[Provided data]:
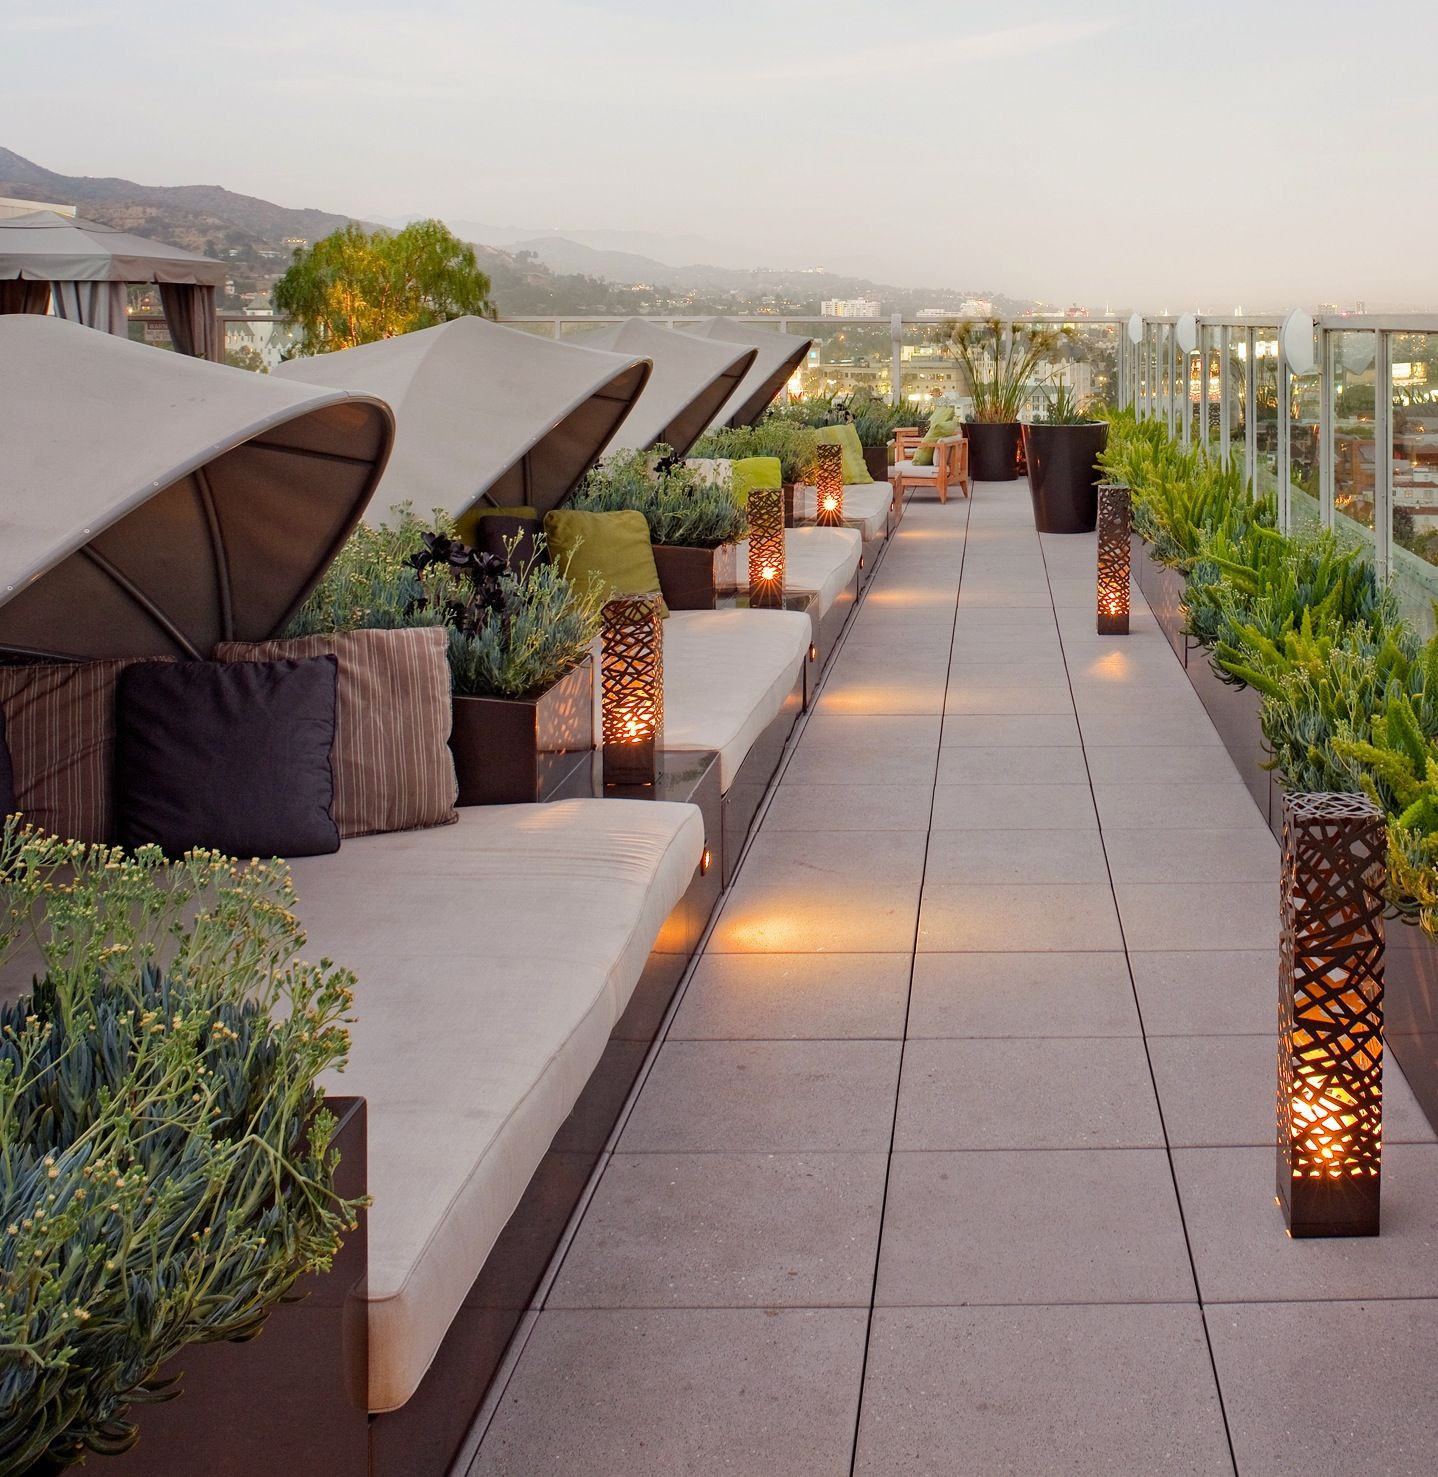 Hotel Terrace Landscape
 The Sundeck at the Andaz West Hollywood Designed by
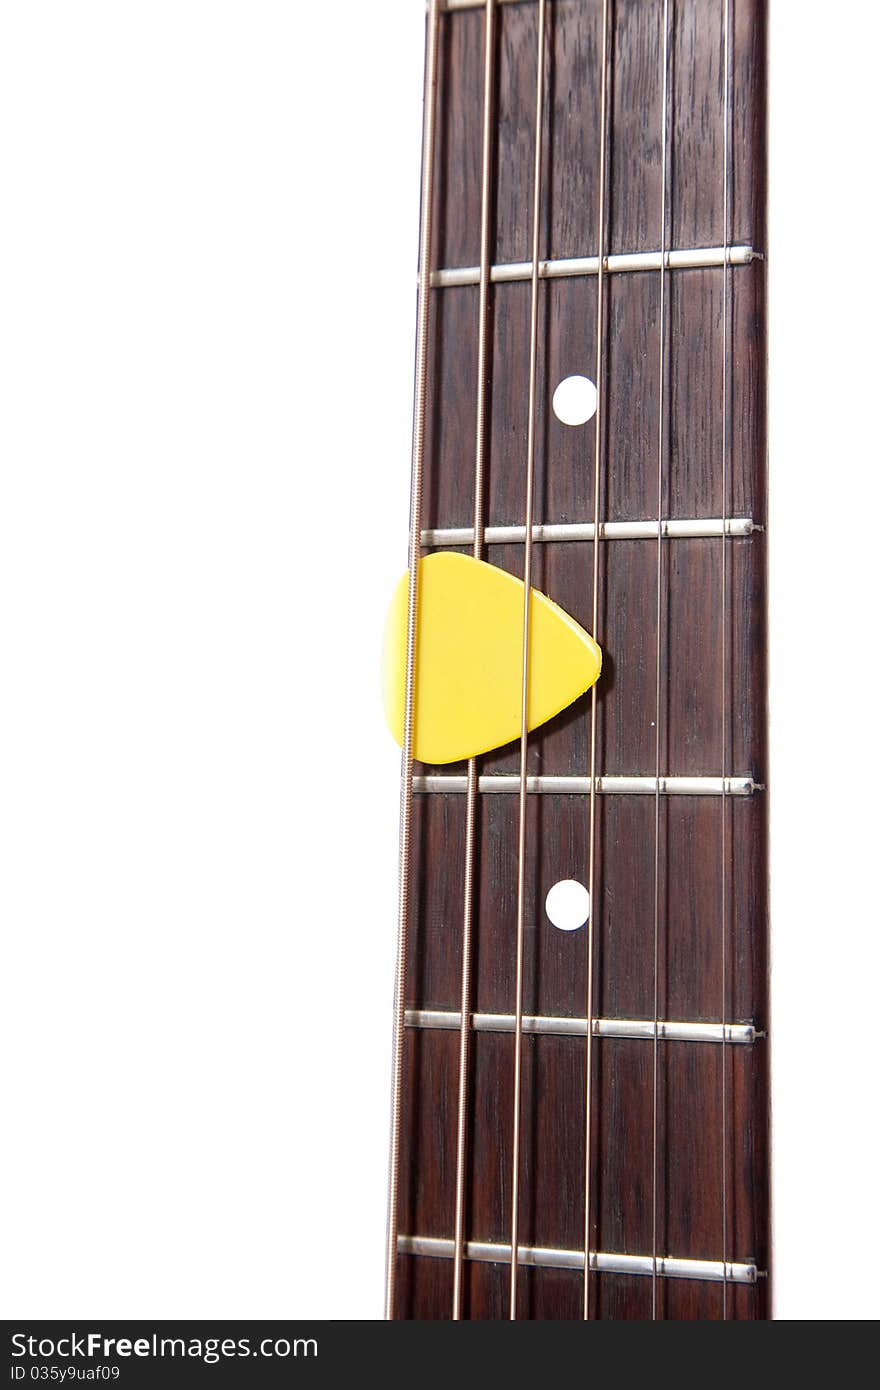 Guitarneck and pick from infront

[Exercise brief]:
Your response must consist of the material above, reproduced word for word, with the images omitted.

[Solution for this problem]:
 Hotel Terrace Landscape
 The Sundeck at the Andaz West Hollywood Designed by
 Guitarneck and pick from infront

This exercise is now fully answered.